Still sucks. But yeah I guess a countdown banner might be helpful there.
Google has a lot of downtime Never got 503 on google.com ? Or docs/meet down ?
The real problem with downtime is when all systems are down at the same time.
If Jira is down fifteen minutes a day that rarely affects me. I have other tasks in my work queue that I can substitute. Worst case with multiple outages there’s always documentation I promised someone. But when the entire Atlassian suite goes tits up at the same time, it gets harder for me to keep a buffer of work going.

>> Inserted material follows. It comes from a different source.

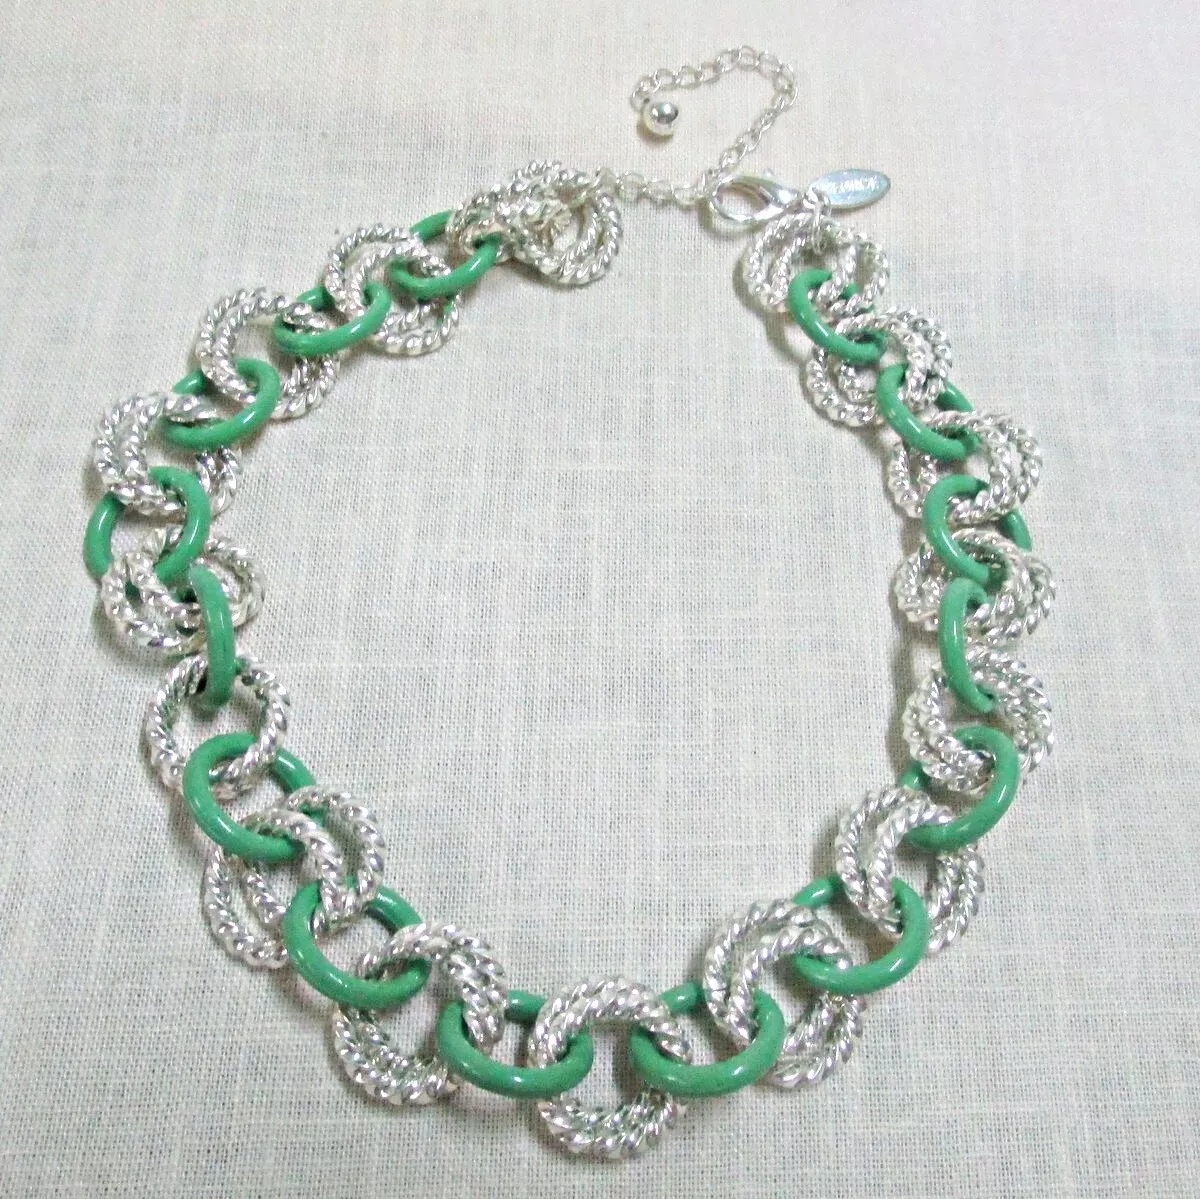 GEORGE Chunky Green &amp; Silvertone Ring Choker Necklace 16 Inches Long - $7.95

Getting every app in your enterprise using the same storage array is a good way to go from 5% productivity loss to 95%.
Someone once said to me: if you can't handle planned downtime, how are you going to handle unplanned downtime?
Except that there is no way to upgrade a Postgres instance on RDS with a planned 15 minute downtime. You can't control when the reboots happen, you start the process and the cutover might kick in an hour later, two hours later, three hours later - you don't know when the reboots are going to happen and you can't control it.
If you have replicas they'll upgrade in parallel and will reboot at random times for even more fun.
So unless you can afford random unavailability in a timeframe which can last several hours (depending on DB size) the logical replication approach is the only way to do upgrades on RDS.
The bigger the instance, the harder the problem.
15 minutes to migrate a large DB? It takes days just to run an alter column on our DB.